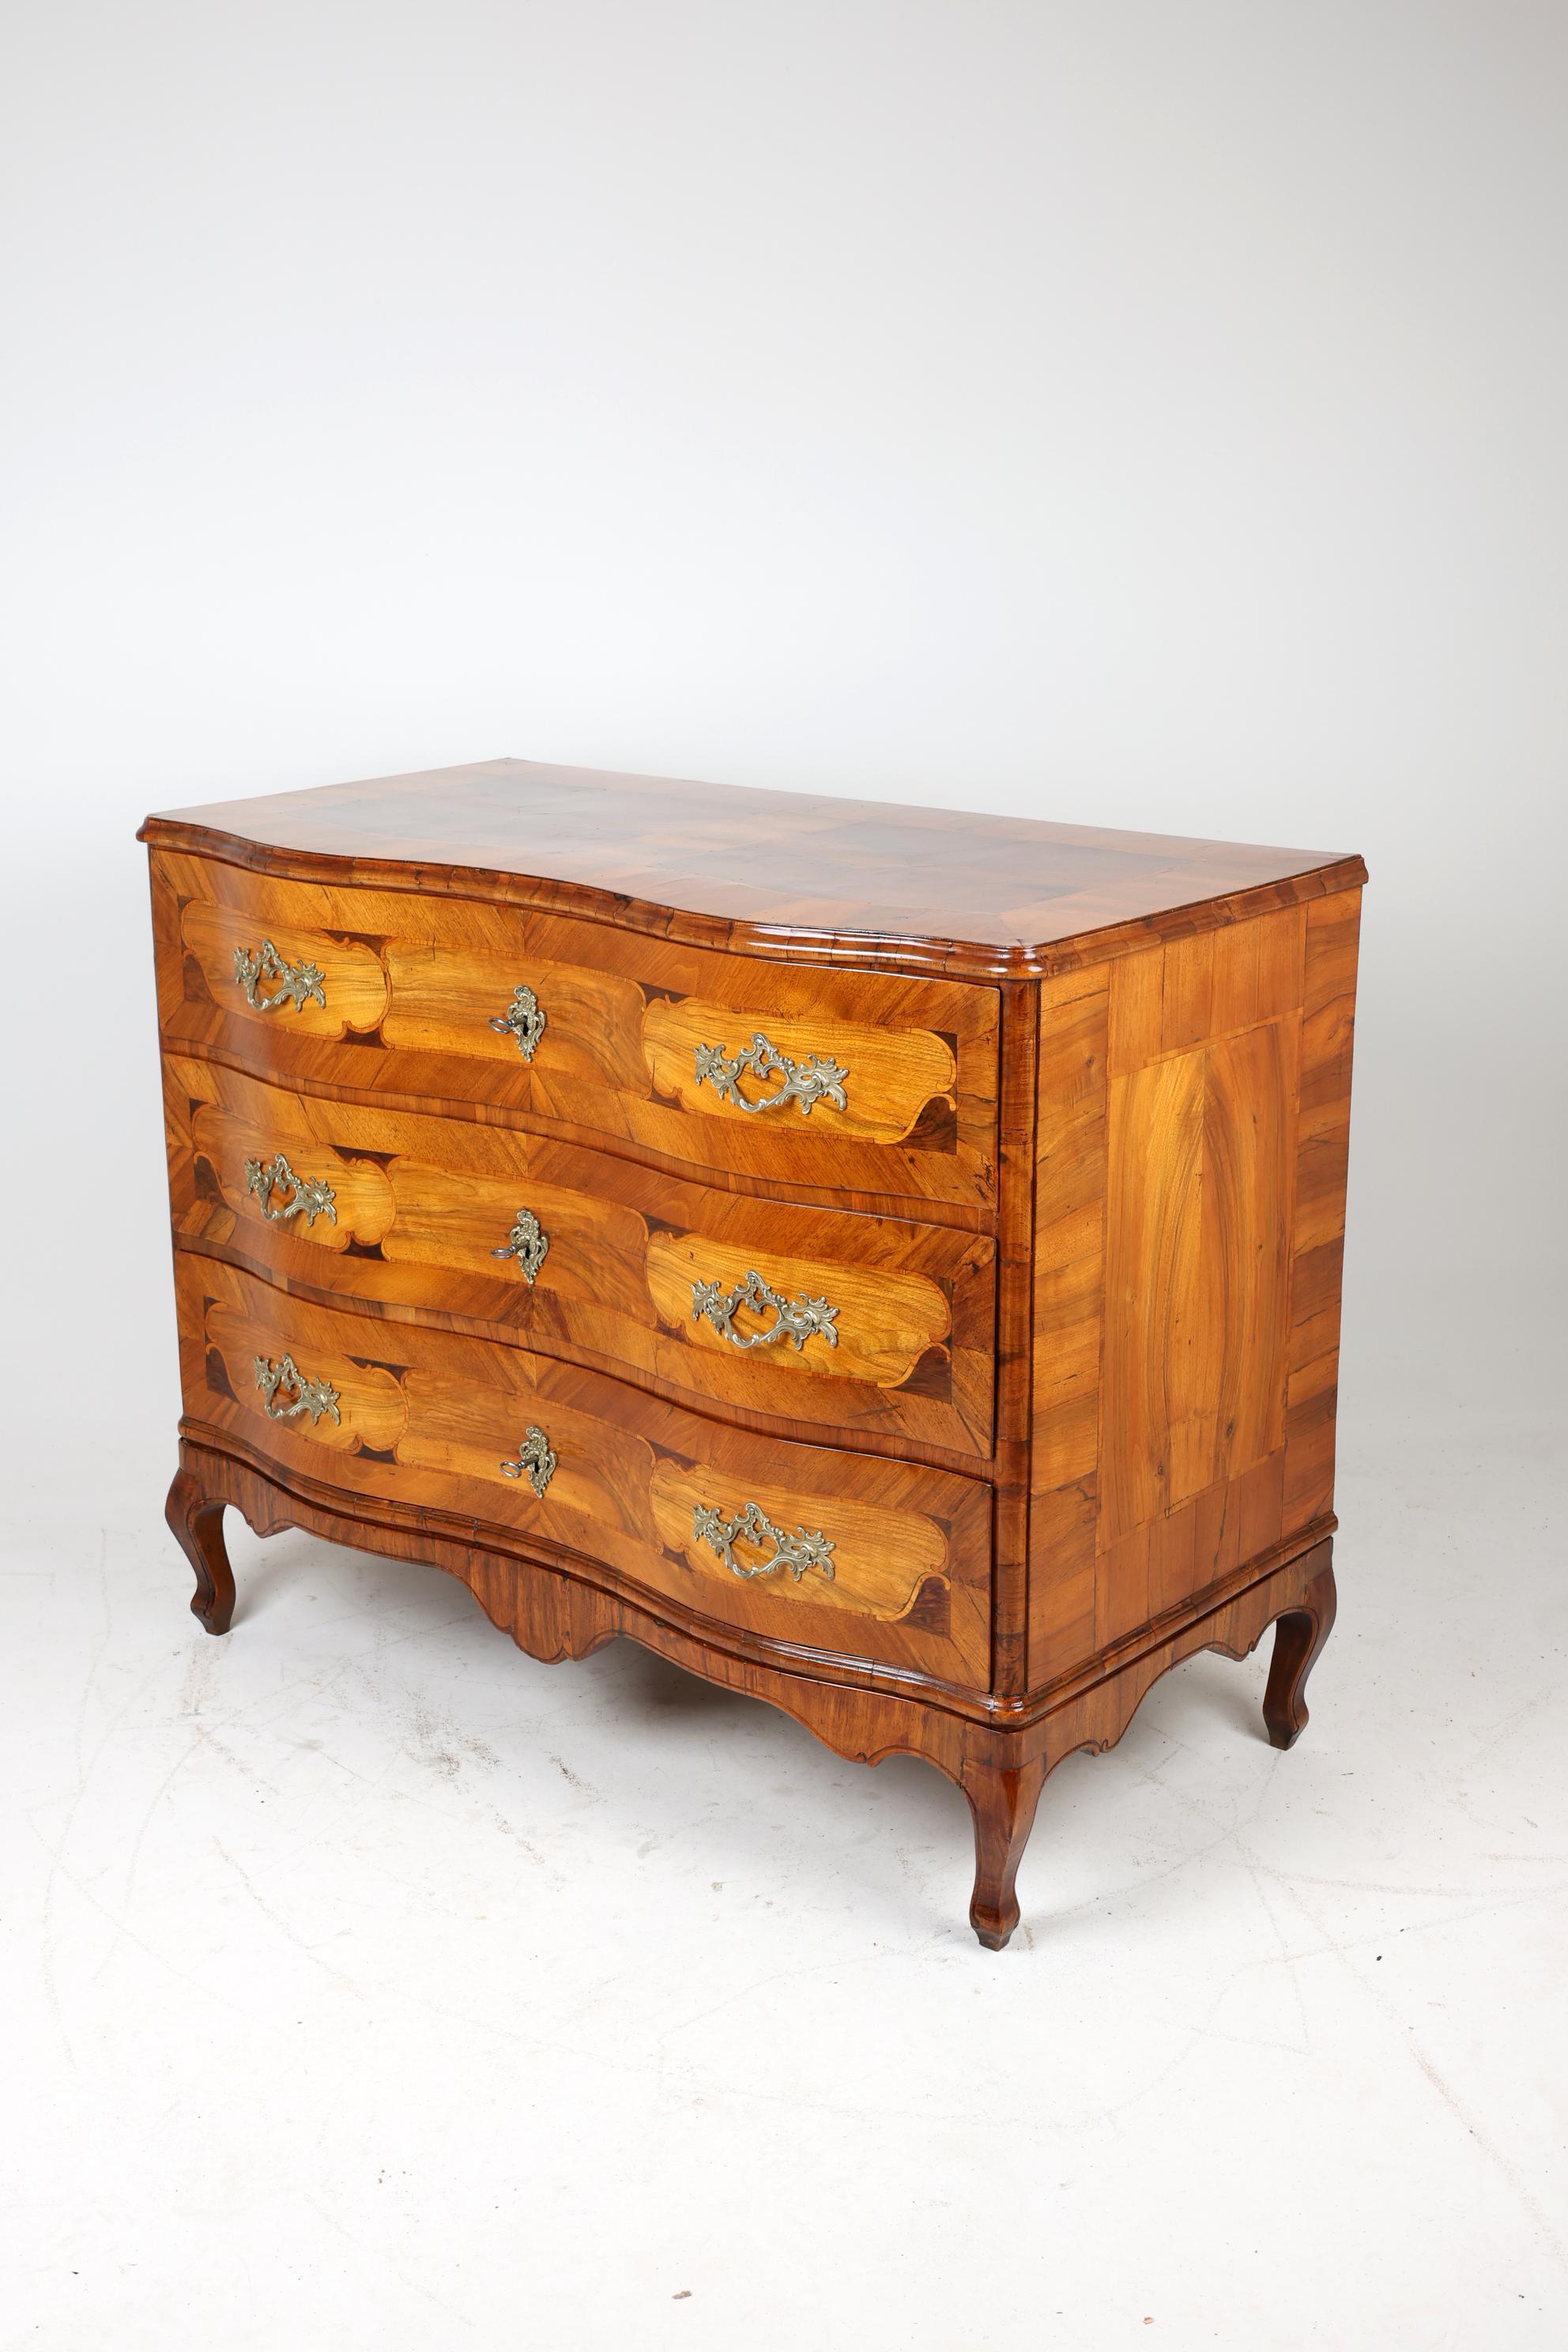 Late 18th Century Baroque Commode,
1780-1790, Germany
Walnut

Beautiful baroque walnut chest of drawers with three drawers, made in Franconia at the end of the 18th century. The chest of drawers impresses with its authentic antique look and elegant
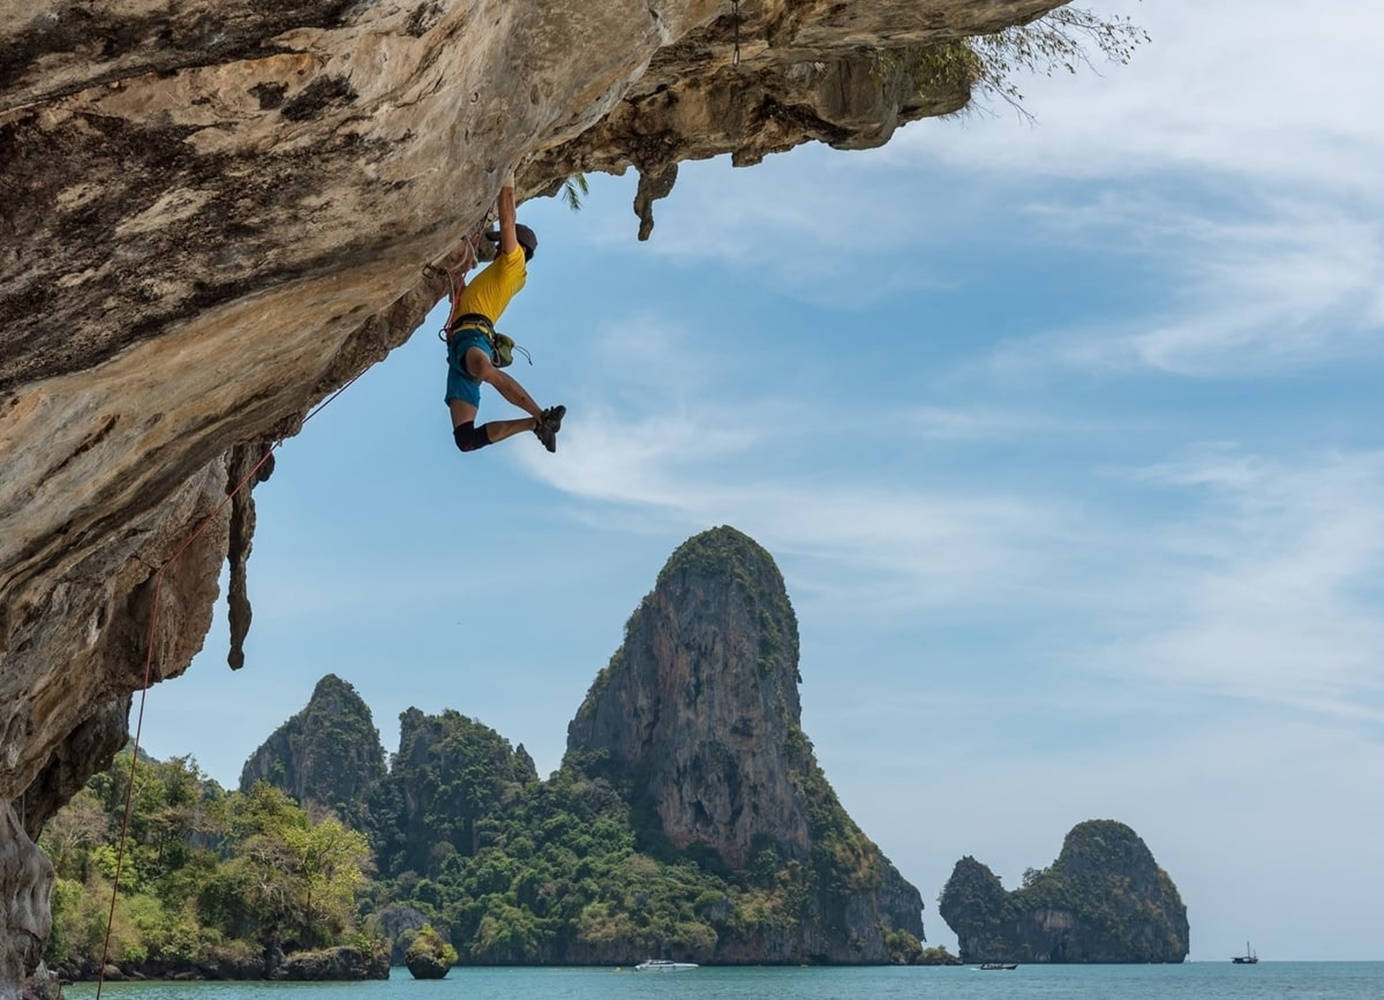 "Challenging the Heights: An Exhilarating Display of Sport Climbing" Wallpaper
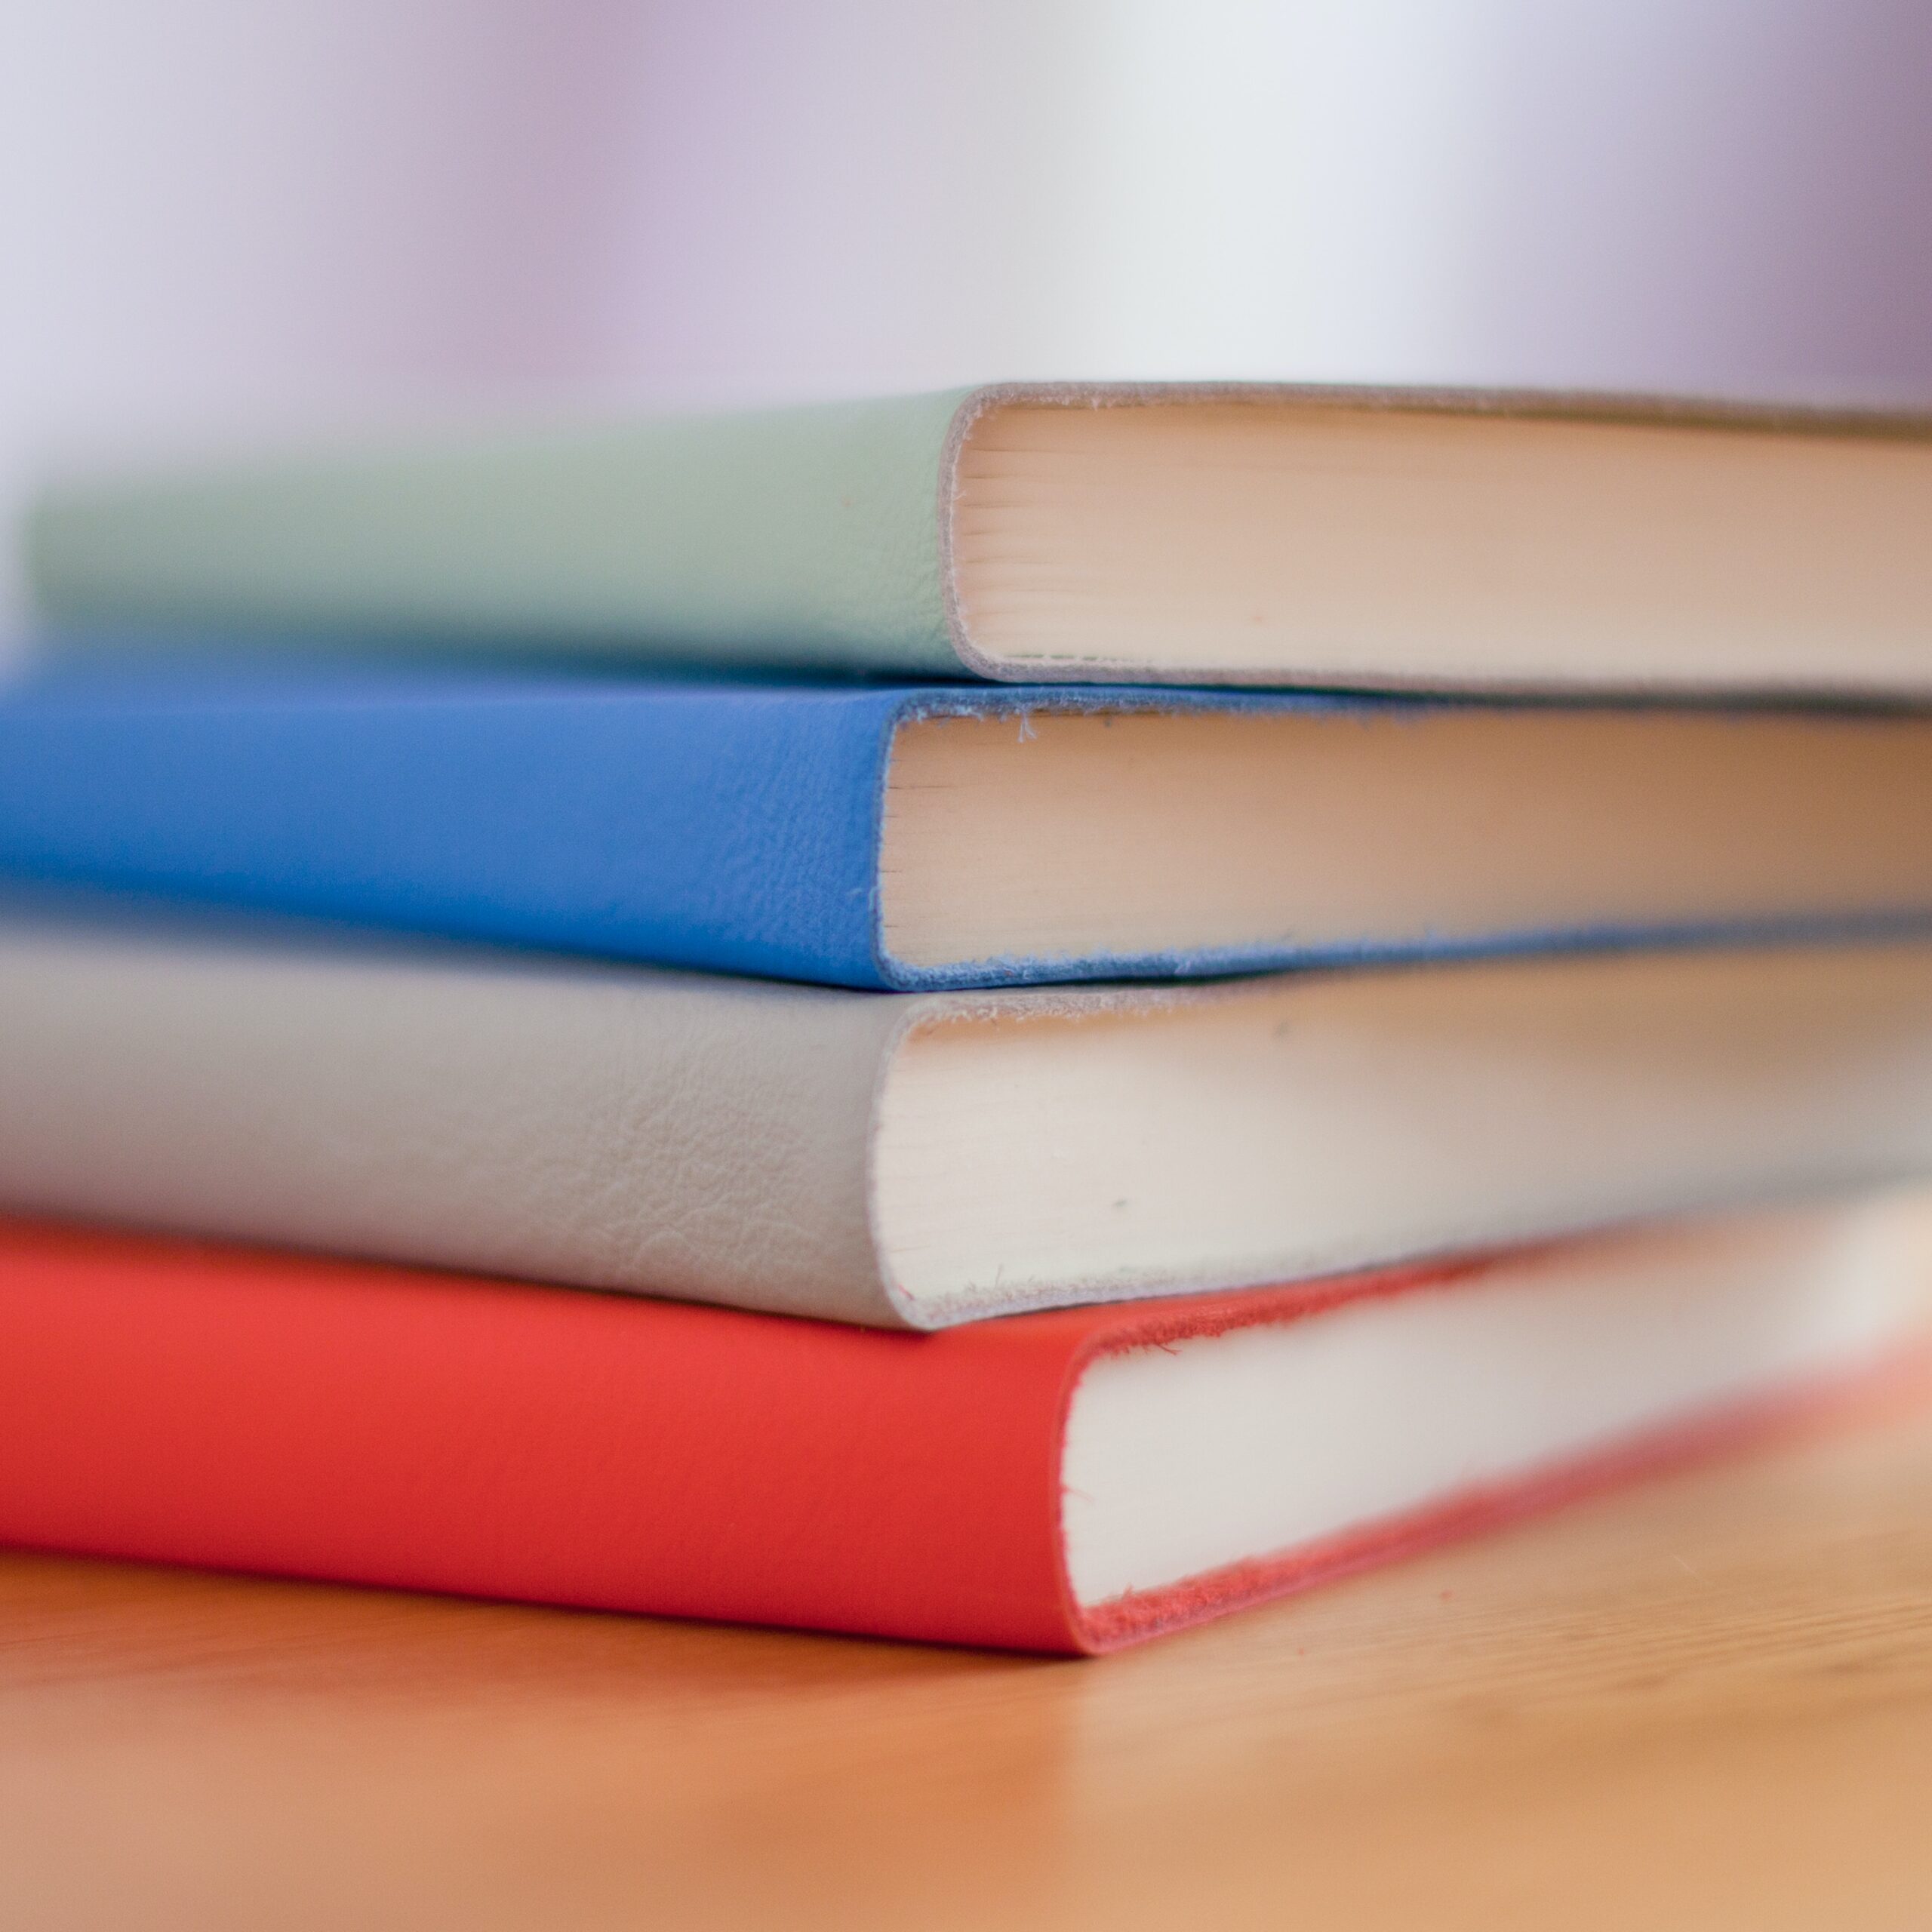 Stack of four colorful books

────────────────────

### Exercise prompt
Retype every entry above exactly, leaving out the pictures.

### Result of this task
 Late 18th Century Baroque Commode,
1780-1790, Germany
Walnut

Beautiful baroque walnut chest of drawers with three drawers, made in Franconia at the end of the 18th century. The chest of drawers impresses with its authentic antique look and elegant
 "Challenging the Heights: An Exhilarating Display of Sport Climbing" Wallpaper
 Stack of four colorful books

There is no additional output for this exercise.